Ну и, разумеется, Гарри Бласт не позаботился снять очереди. Клиффорд это знал.

– Что до точного соотношения суммы, предоставленной «Леонардо» Советом по искусствам, мне кажется, фонды распределяются на паритетных началах. Ведь так, сэр Ларри? Здесь он – финансовый король.

И по мановению Клиффорда камеры повернулись к сэру Ларри Пэтту, а он, естественно, не мог ответить, не заглянув в соответствующие документы, и пробормотал что-то невнятное, вместо того чтобы громко и внятно оповестить мир о своей неосведомленности, как было бы разумнее.
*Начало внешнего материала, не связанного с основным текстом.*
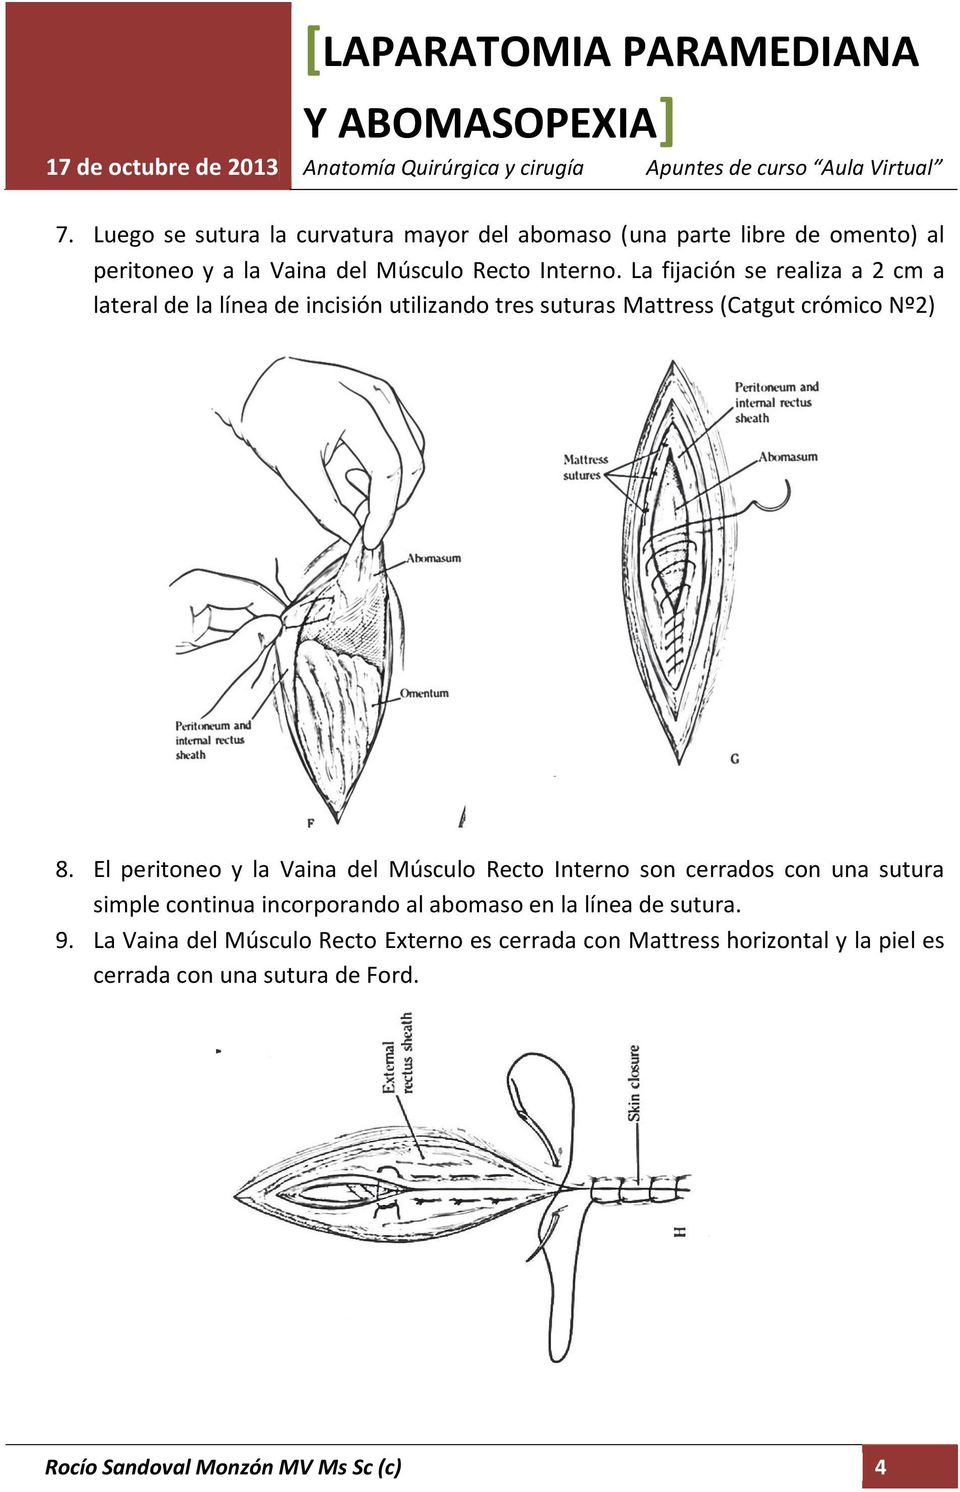 El peritoneo y la Vaina del Músculo Recto Interno son cerrados con una sutura simple continua incorporando al abomaso en la línea de

Сэр Ларри совершенно не годился для выступлений по телевидению: лицо у него было слишком морщинистым и несло печать излишеств, которыми он себя баловал, – отвислые брови и смакующие губы. У него тоже было беспокойное утро. На заре его разбудил звонок госпожи Бузер из Амстердама.

– Что за страна ваша Англия? – возмущенно осведомилась она. – Или вы настолько отвергаете цивилизацию, что у вас мужа соблазняют на глазах у жены, а муж женщины, которая соблазняет, никакого внимания не обращает?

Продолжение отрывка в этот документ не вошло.